Corbett begins his case by presenting the captains of international capital–Rothschild, Rockefeller, Kissinger et alia–who express their support for mutual cooperation between Chinese and Western capital. Oddly, Corbett’s capacious research on this topic failed to reveal that the people whose sound bites he adduces are also stakeholders in the Chinese Investment Bank (CIB) and have other commercial ties to “Red” China as well. Indeed nowhere in the hour-long podcast does Corbett ever mention the CIB. This is necessary for his case as once one learns that it is the same people on both sides of this alleged divide then the seeming incongruities, of which Corbett makes much hay, dissolve into a single, simple motive–self-interest. A subject which, it appears, doesn’t make for a good podcast.
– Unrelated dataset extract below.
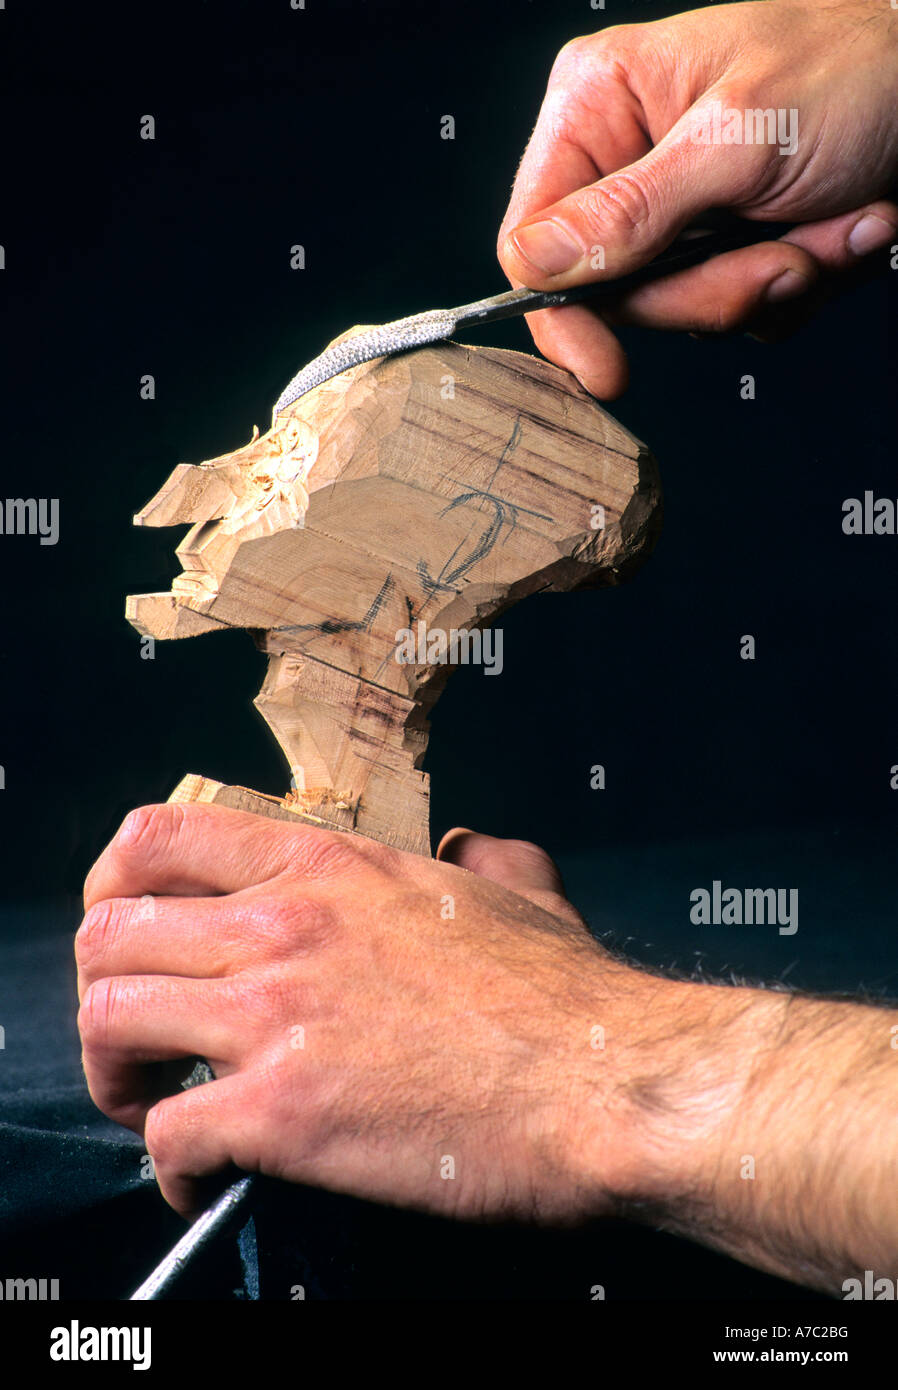 Puppet being carved from wood Stock Photo

He blew his mind out in a car. He hadn’t noticed that the lights had changed.

Then comes the first bit of nonsense: Corbett explains that Wall Street was “helping to fund their supposed…enemies, the socialists of various stripes whether that be the Bolsheviks or the National Socialists [Nazis] in Germany,  for their own agenda purposes.”

For their own agenda, eh? Wall Street seldom if ever funds its enemies for the latter’s agenda purposes, now do they?

The Nazis, despite the misnomer, were not socialists but fascists. And anybody failing to recognize the difference can never succeed in understanding the current relationship between the DRC and the West, nor anything of the history of the last few centuries.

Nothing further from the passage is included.